McMaster had ordered the legislature back for an extra session on May 16 to make sure several pieces of legislation, including the “Fetal Heartbeat and Protection Act,” were voted on before the lawmakers adjourned. The state Senate voted Tuesday, 27 to 19, to send the bill to the governor’s desk, despite the state Supreme Court ruling last year that a similar ban was unconstitutional. (RELATED: Republican Governor Orders Legislature Back To Get Heartbeat Abortion Bill Over The Finish Line)

McMaster congratulated lawmakers Tuesday on Twitter for getting the measure passed and said he was ready to sign the bill into law. “The General Assembly has handled this issue in a thoughtful, transparent and collaborative manner,” McMaster wrote. “Tonight, our state is one step closer to protecting more innocent lives. I look forward to signing this bill into law as soon as possible.”

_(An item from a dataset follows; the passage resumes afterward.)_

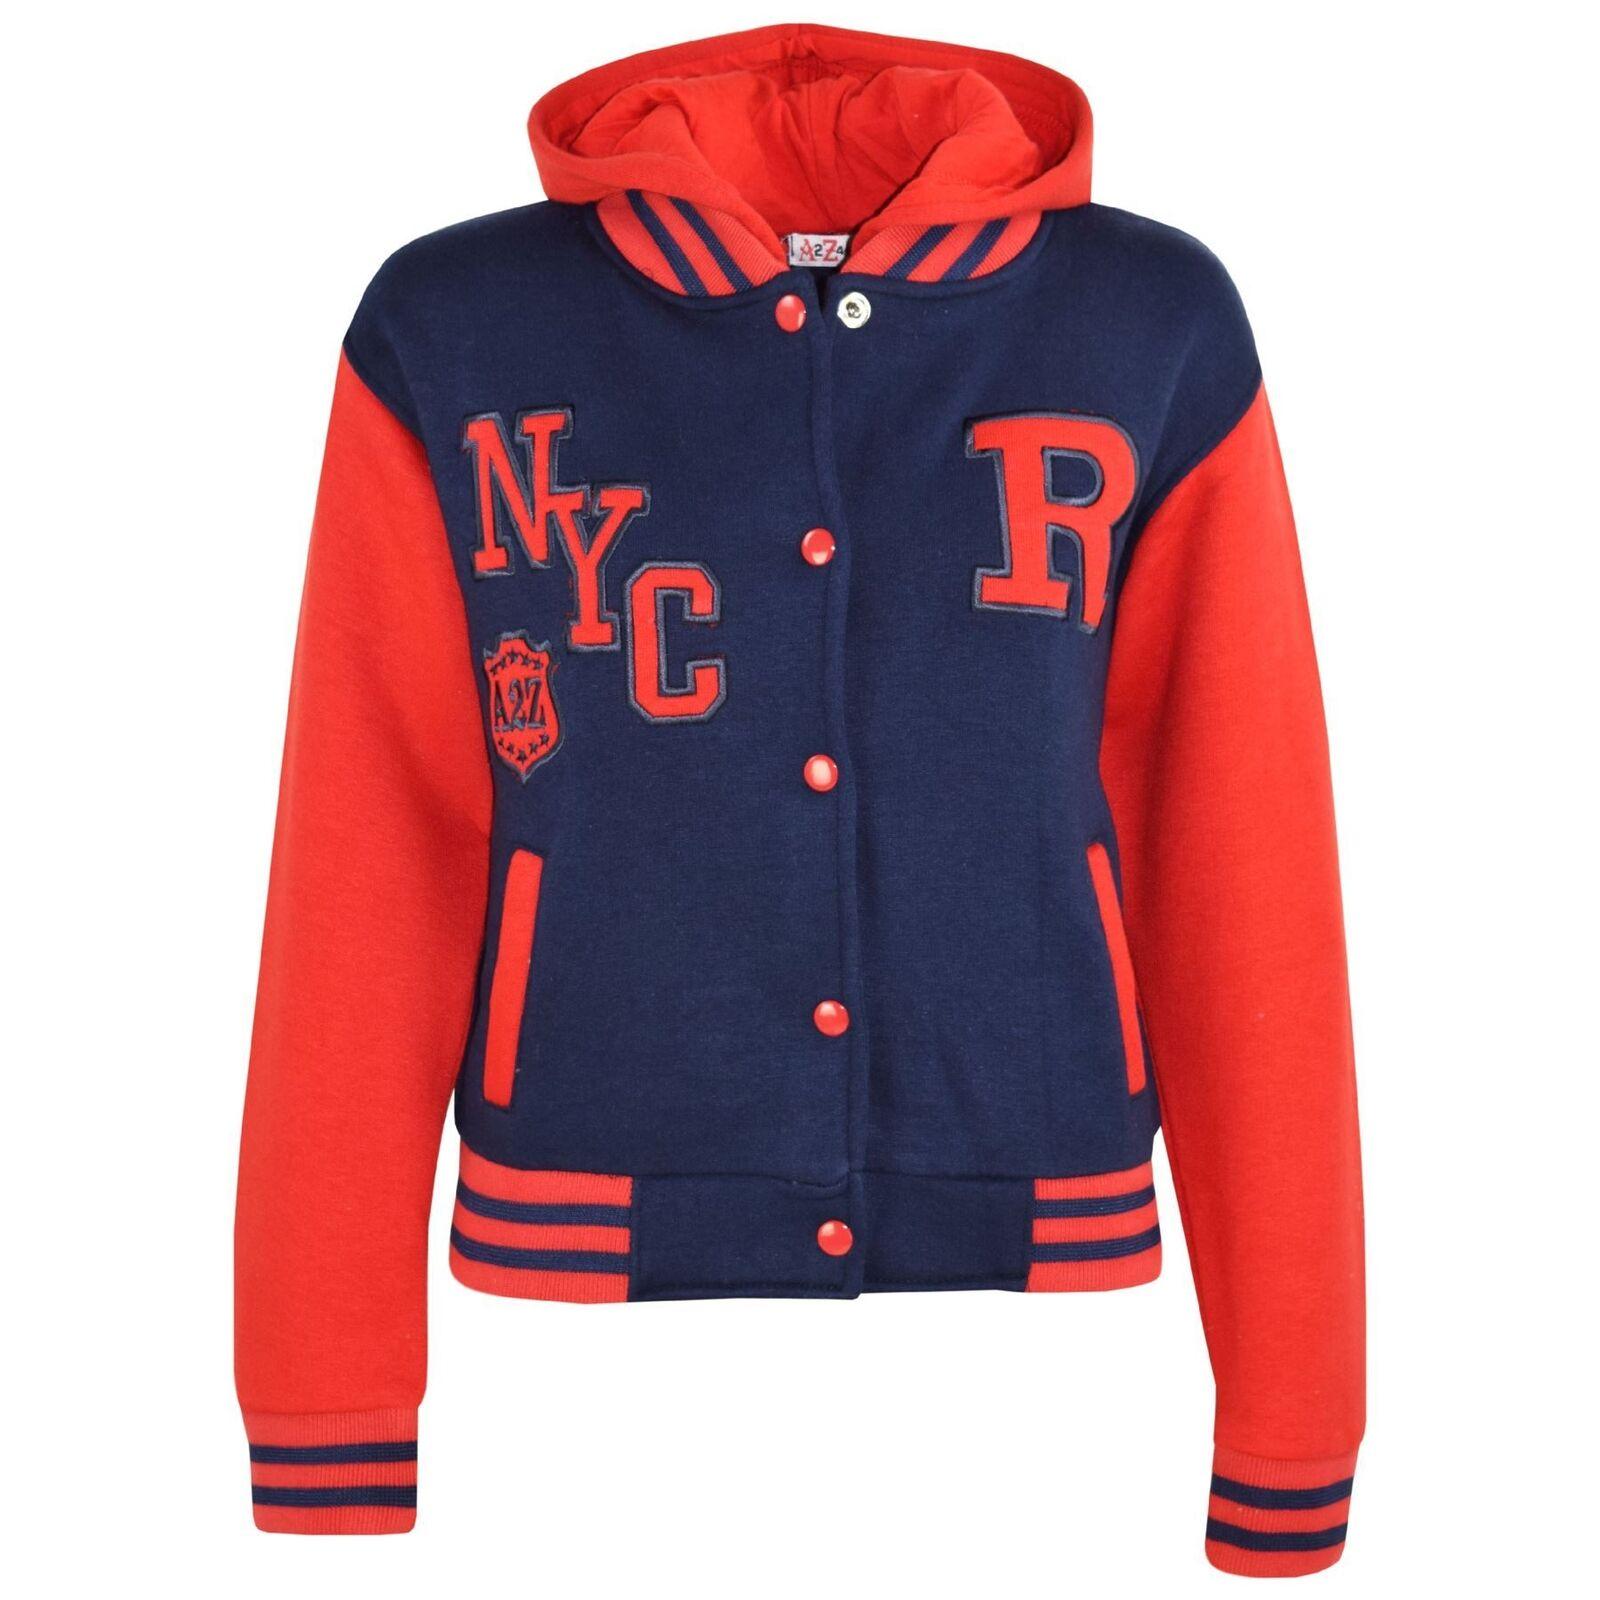 s Filles Garçons R FASHION NYC Baseball Bleu marine marine marine & rouge à capuche Vestes Varsity Hoodies fa7a73

The bill bans abortions in the state after a heartbeat is detected with exceptions for rape, incest and if a physician determines that an abortion would be necessary to “prevent the death of the pregnant woman or to prevent the serious risk of a substantial or irreversible impairment of a major bodily function.” The bill also requires the doctor to record a heartbeat if present and show the mother ultrasound pictures before performing an induced abortion.

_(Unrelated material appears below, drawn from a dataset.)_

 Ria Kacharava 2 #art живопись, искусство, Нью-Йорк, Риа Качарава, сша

Planned Parenthood South Atlantic in South Carolina posted on Twitter following the vote that they were ready to challenge the new law in court if necessary.

“BREAKING: The S.C. legislature just passed a ban on abortion after 6 weeks of pregnancy,” Planned Parenthood wrote. “The bill now heads to the governor, who is expected to sign the bill into law. We have just one thing to say to the state of South Carolina: ‘We’ll see you in court.'”

A similar law was struck down by the state’s Supreme Court last year due to concerns that the ban would infringe on a woman’s right to privacy under the Fourth Amendment, which prohibits unlawful search and seizure.